Influenced by the literary activity of the Celtic revival centered in Dublin at the turn of the century, Colum publishes the collection of poetry Wild Earth (1907). He co-founds The Irish Review in 1911, then three years later settles permanently in the United States. His varied literary output includes volumes of poetry including Dramatic Legends (1922) and Creatures (1927), plays such as Broken Soil (first performed 1903) and The Land (1905), novels, anthologies of folklore and children’s books. The reminiscence Our Friend James Joyce (1959) is written with his wife Mary (Maguire), a well-known literary critic.

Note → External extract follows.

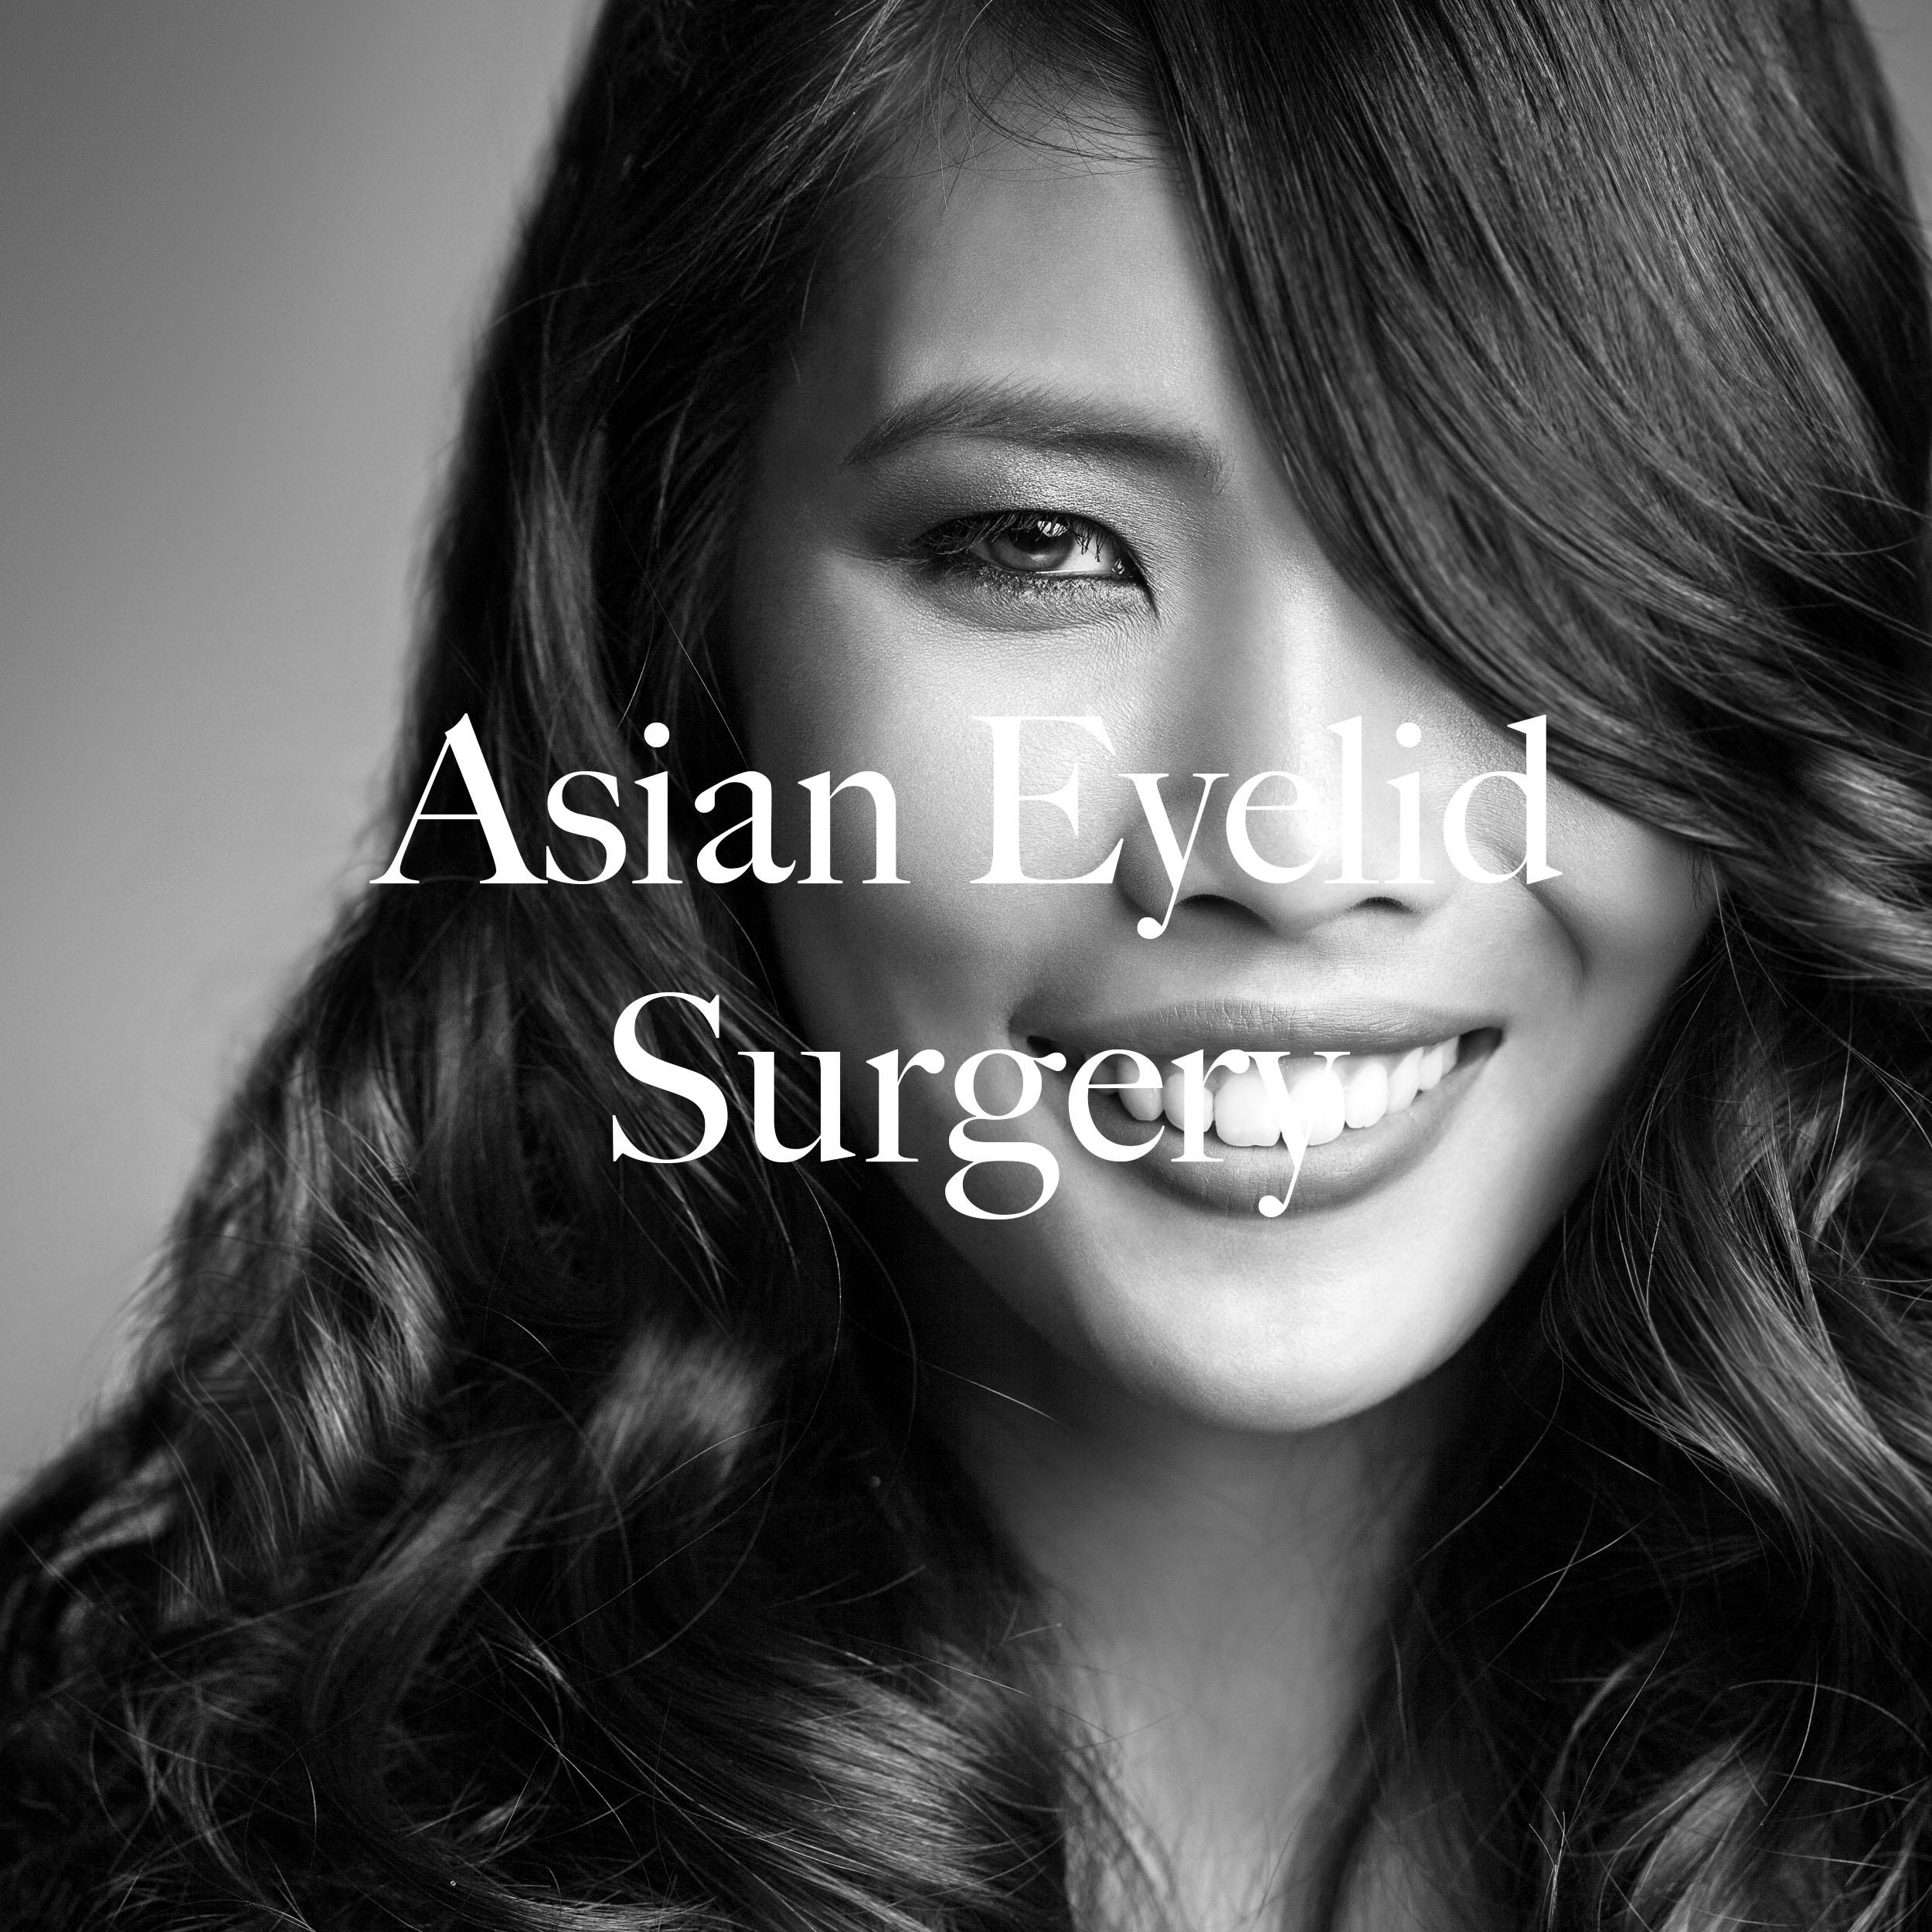 asianeyelidsurgery.jpg

The Colums spent the years from 1930 to 1933 living in Paris and Nice, where Padraic renews his friendship with James Joyce and becomes involved in the transcription of Finnegans Wake. After their time in France, the couple moves to New York City, where they do some teaching at Columbia University and City College of New York. He is a prolific author and publishes a total of 61 books, not counting his plays. While in New York, he writes the screenplay for the 1954 stop-motion animated film Hansel and Gretel: An Opera Fantasy. It is his only screenplay.

Mary dies in 1957, and Colum completes Our Friend James Joyce, which they had worked on together. It is published in 1958. He divides his later years between the United States and Ireland. In 1961 the Catholic Library Association awards him the Regina Medal.

Padraic Colum dies on January 11, 1972, at the age of 90, in Enfield, Connecticut. He is buried in St. Fintan’s Cemetery in Sutton, Dublin.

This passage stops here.